10 Years versus 5 Years of Adjuvant Therapy
So in this new trial, named MA.17R, the researchers wanted to see whether extending letrozole therapy for an additional 5 years—for a total of 10 years of adjuvant treatment—could further reduce recurrence risk. The trial enrolled nearly 2,000 women who had already received 4.5 to 6 years of adjuvant aromatase inhibitor therapy, many of whom were in the MA.17 trial. Within 2 years after completing treatment with an aromatase inhibitor, the women were randomly assigned to receive letrozole or a placebo daily for another 5 years.

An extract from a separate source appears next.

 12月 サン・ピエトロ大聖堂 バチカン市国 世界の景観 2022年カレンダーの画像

After a median follow up of 6.3 years, the women who received letrozole had higher rates of 5-year disease-free survival (95% versus 91%) and lower annual incidence rates of contralateral breast cancer (0.21% versus 0.49%) than the women who received placebo. The 5-year overall survival rate was essentially the same in the two groups: 93% for those who took letrozole, and 94% for those who took placebo.
Quality-of-life measures were also similar for both groups of women. However, women who took letrozole had more bone pain, bone fractures, and newly diagnosed osteoporosis than women who took placebo. Although women in the trial generally fared well in terms of side effects, Dr. Goss stressed that the women in the trial were a highly selected group—those who had already been able to take aromatase inhibitors for 5 years without any major problems.

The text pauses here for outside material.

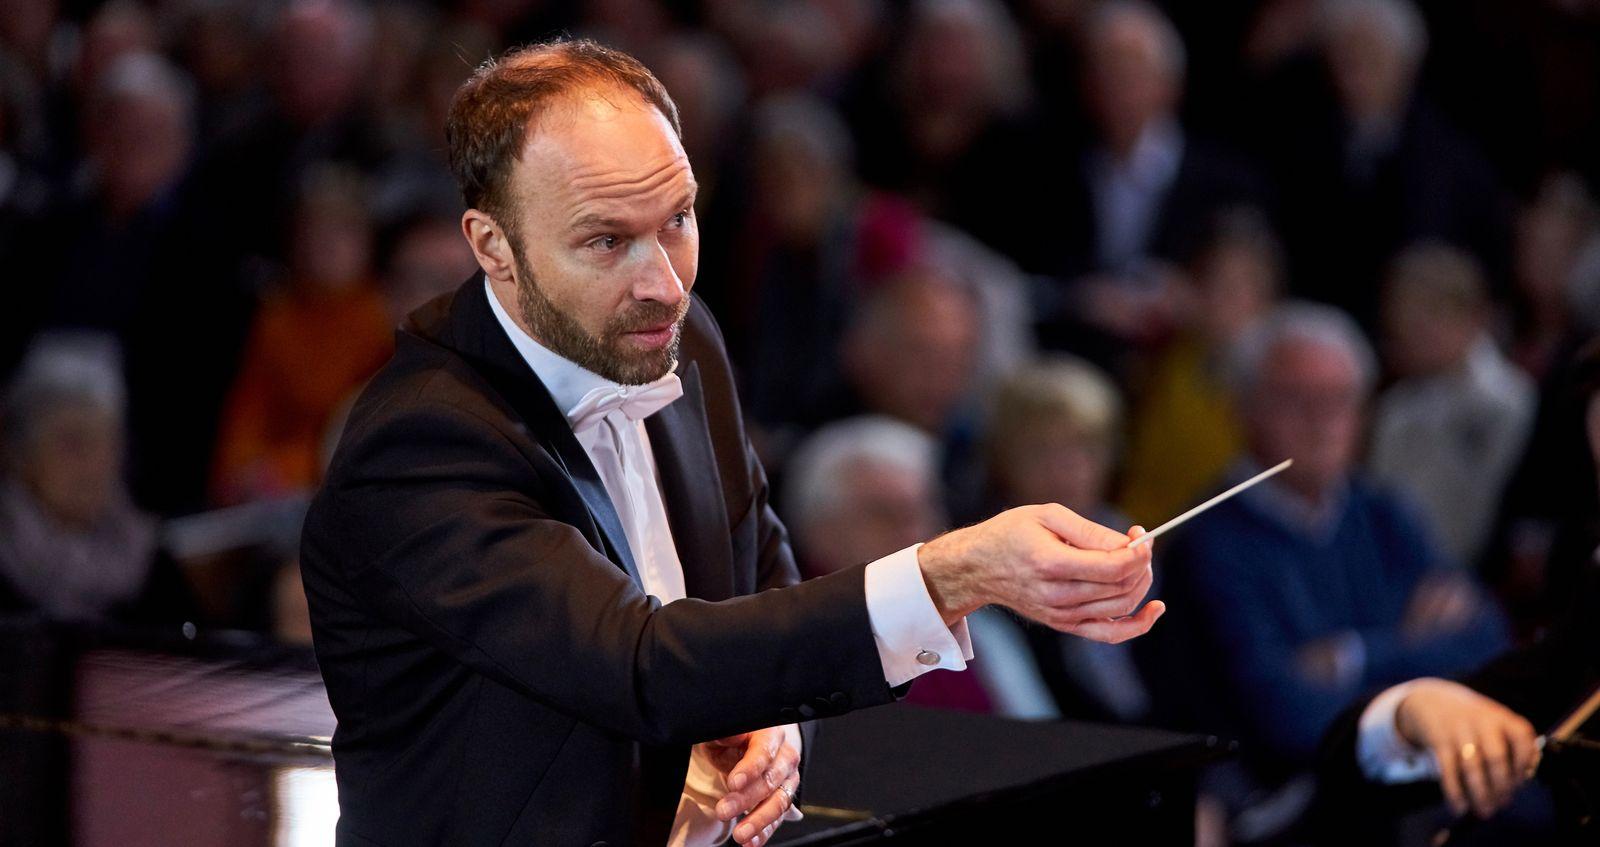 Christian Knüsel

This is a group of women “who can tolerate the drug, whose quality of life is unchanged and … who [have] no particular toxicities” to aromatase inhibitor therapy, noted Dr. Goss.
For women who are at high risk of recurrence, said Dr. Zujewski, these findings indicate a greater chance that extended aromatase inhibitor therapy may reduce chances of a recurrence. Conversely, if a patient is at low risk of recurrence, lengthening treatment will likely be of little benefit. “You cannot cure a patient twice,” she said.
Dr. Zujewski said that she considers bone density measures when trying to decide whether to recommend tamoxifen, which protects women’s bones after menopause, or an aromatase inhibitor, which can harm bone.
“For patients who use aromatase inhibitors for an extended period of time, I recommend abisphosphonate for bone protection—and studies of bisphosphonates suggest that this may help decrease the risk of metastatic disease as well.
“Monitoring bone health and using bone protecting agents when appropriate in these patients is really important,” said Dr. Zujewski. “In this trial, only about half of the women who had fractures used bisphosphonates. As clinicians, we need to do a better job of protecting the bones of women we consider for extended adjuvant therapy.”